• **Brief**:
Output nothing except the lines from the one containing "Décision déléguée du 4 février 2021" through the final line of the data, both included, typed exactly, minus the pictures.

• **Data extract**:
-- -- --

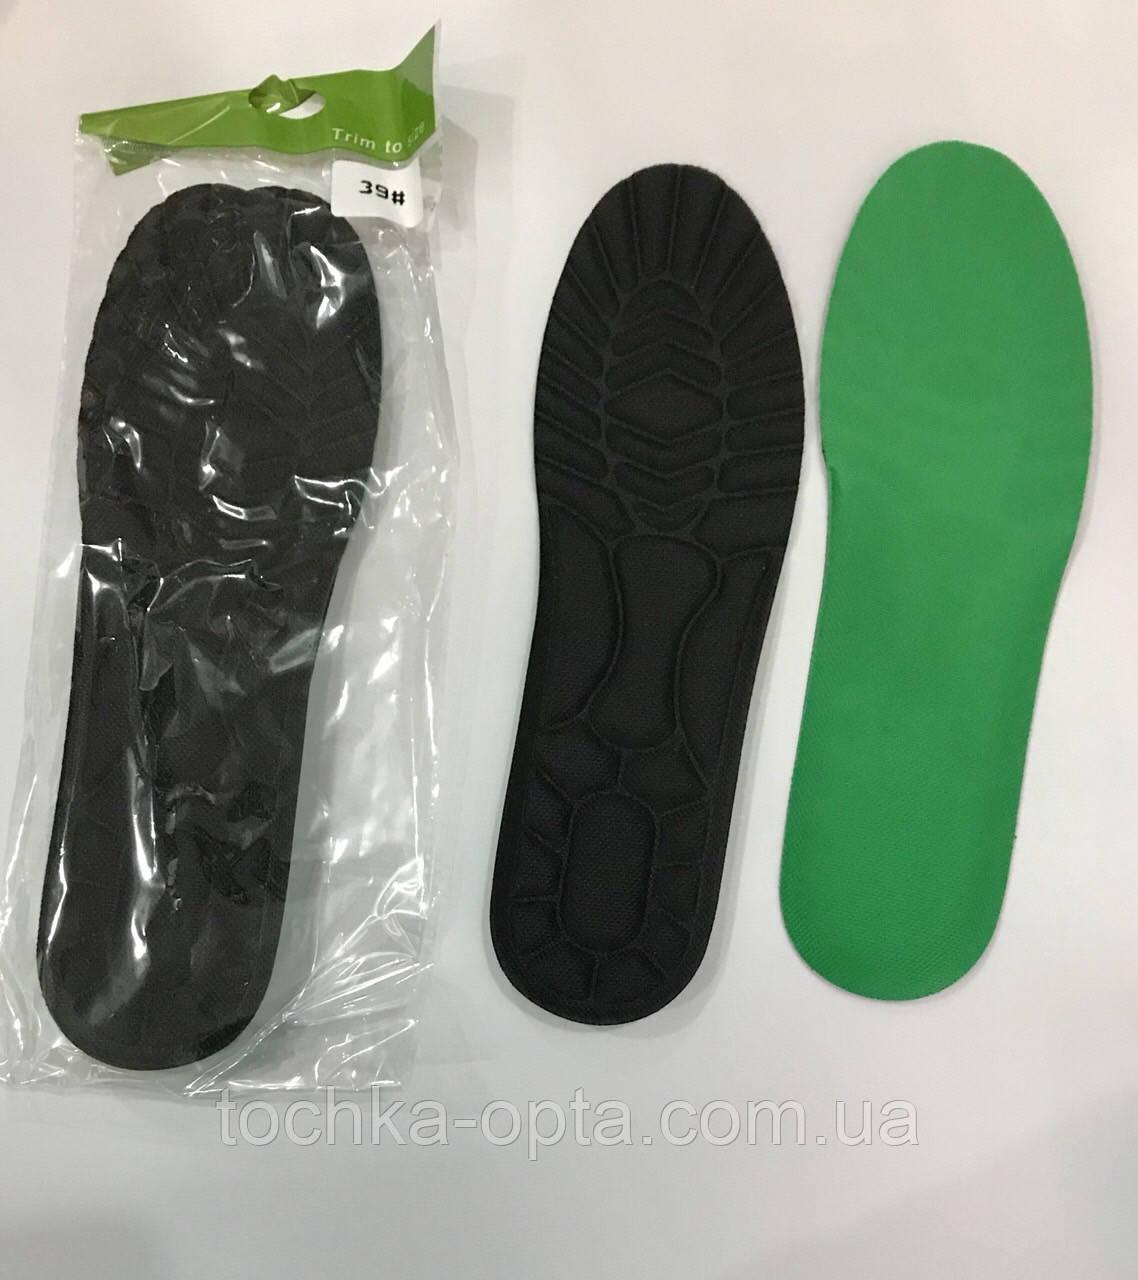 Стельки для спортивной обуви ортопедические 38 размер
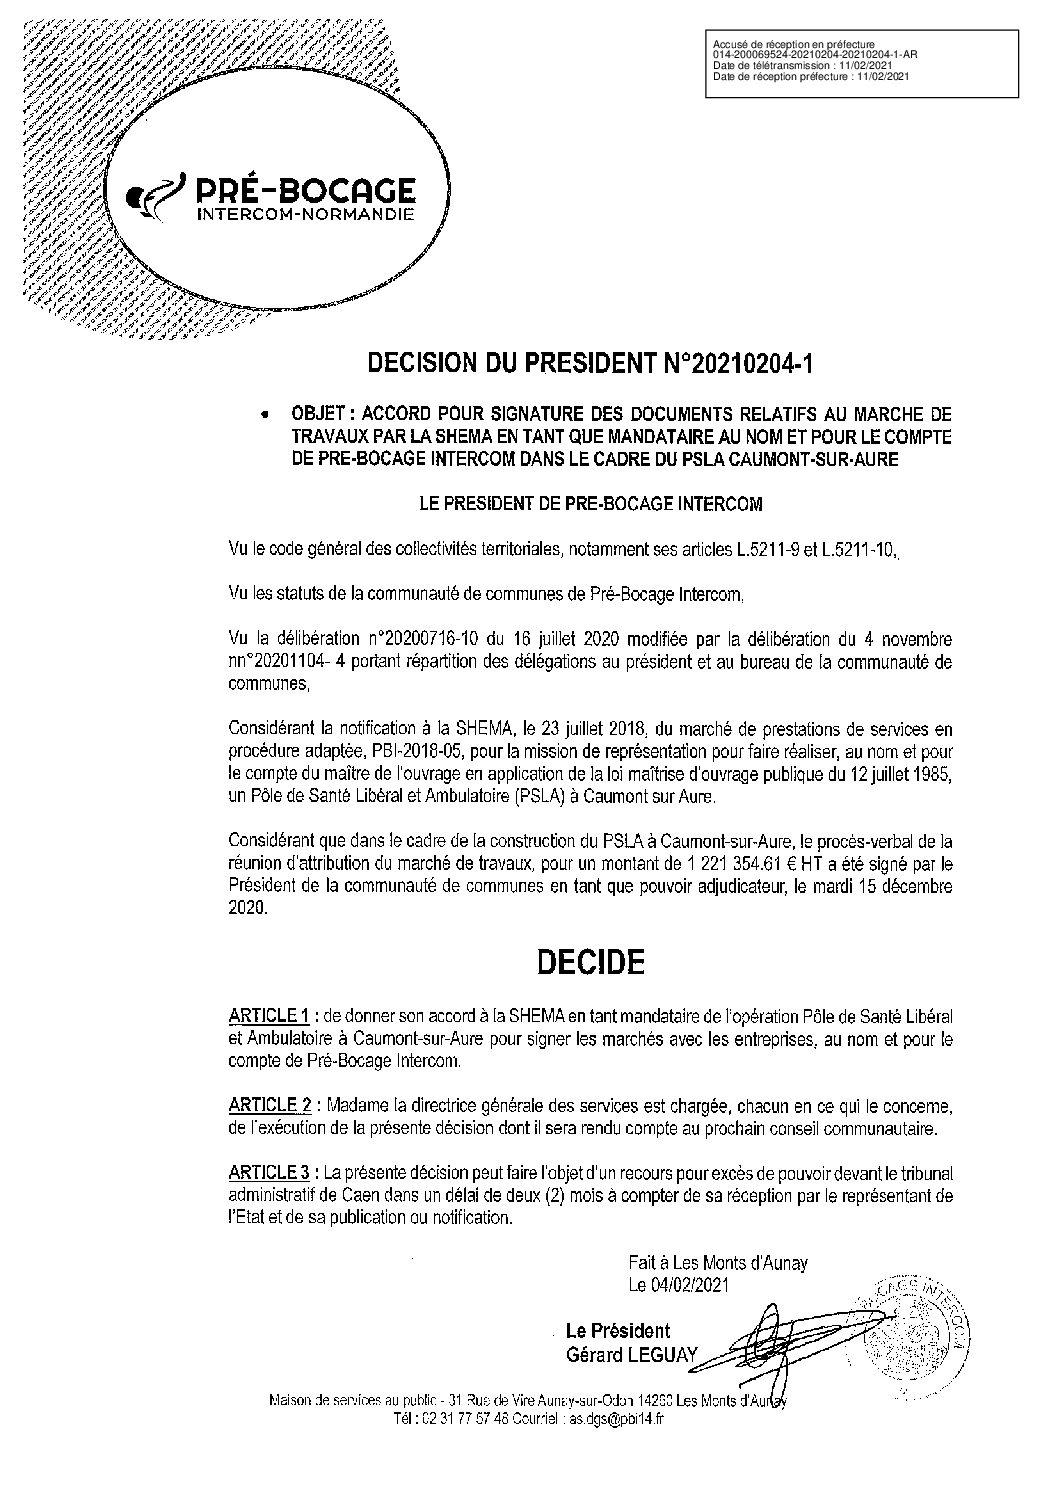 Décision déléguée du 4 février 2021
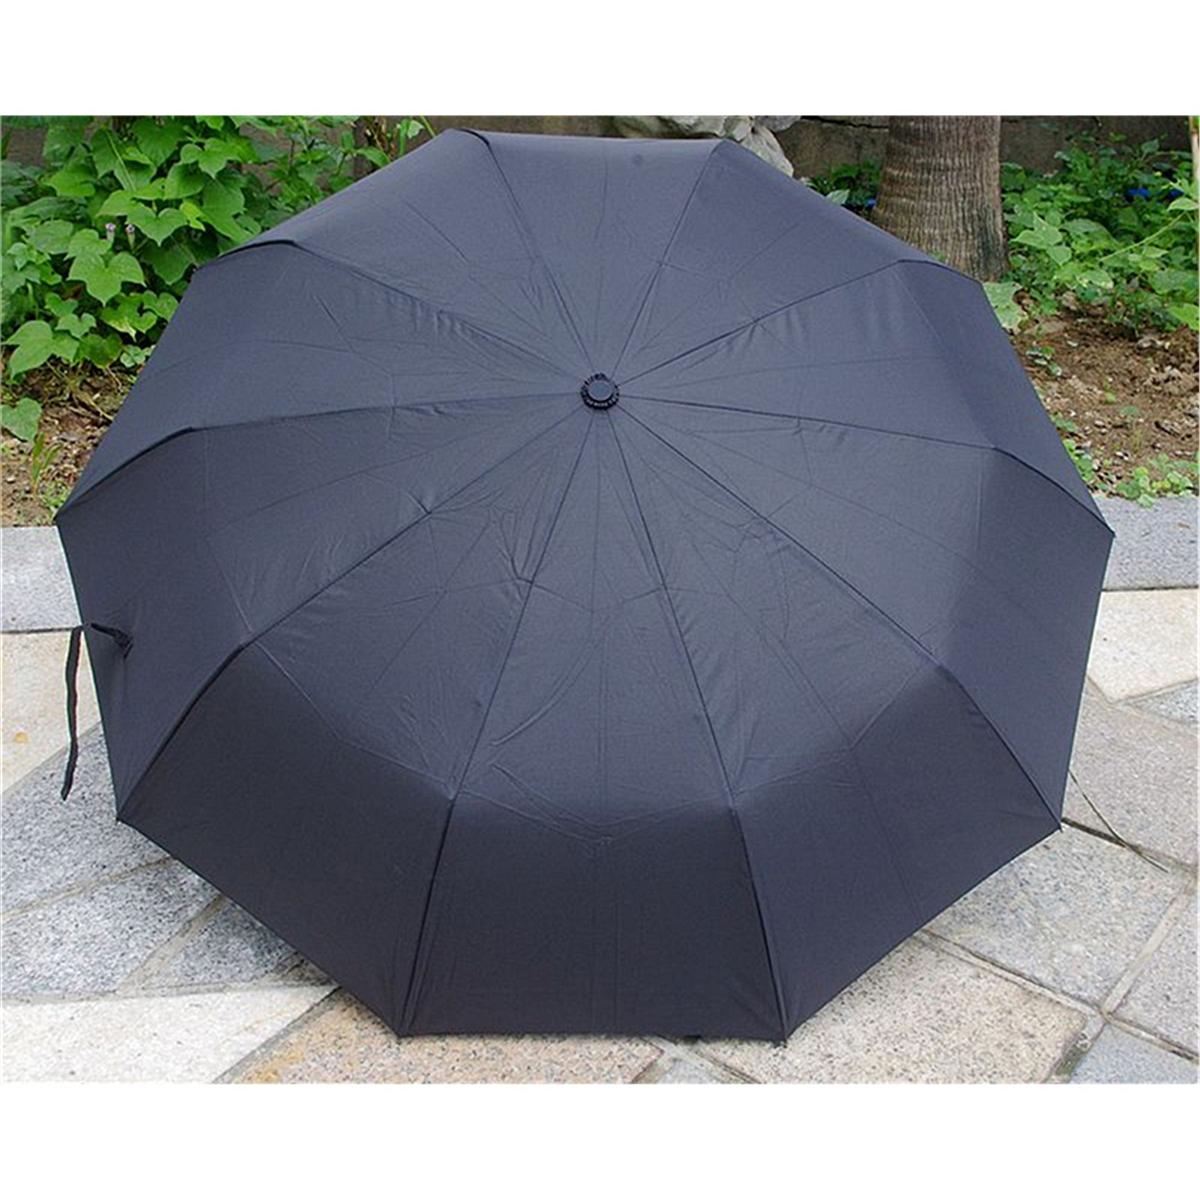 国产三折定制折叠伞(把)

-- -- --

• **Response to this task**:
 Décision déléguée du 4 février 2021
 国产三折定制折叠伞(把)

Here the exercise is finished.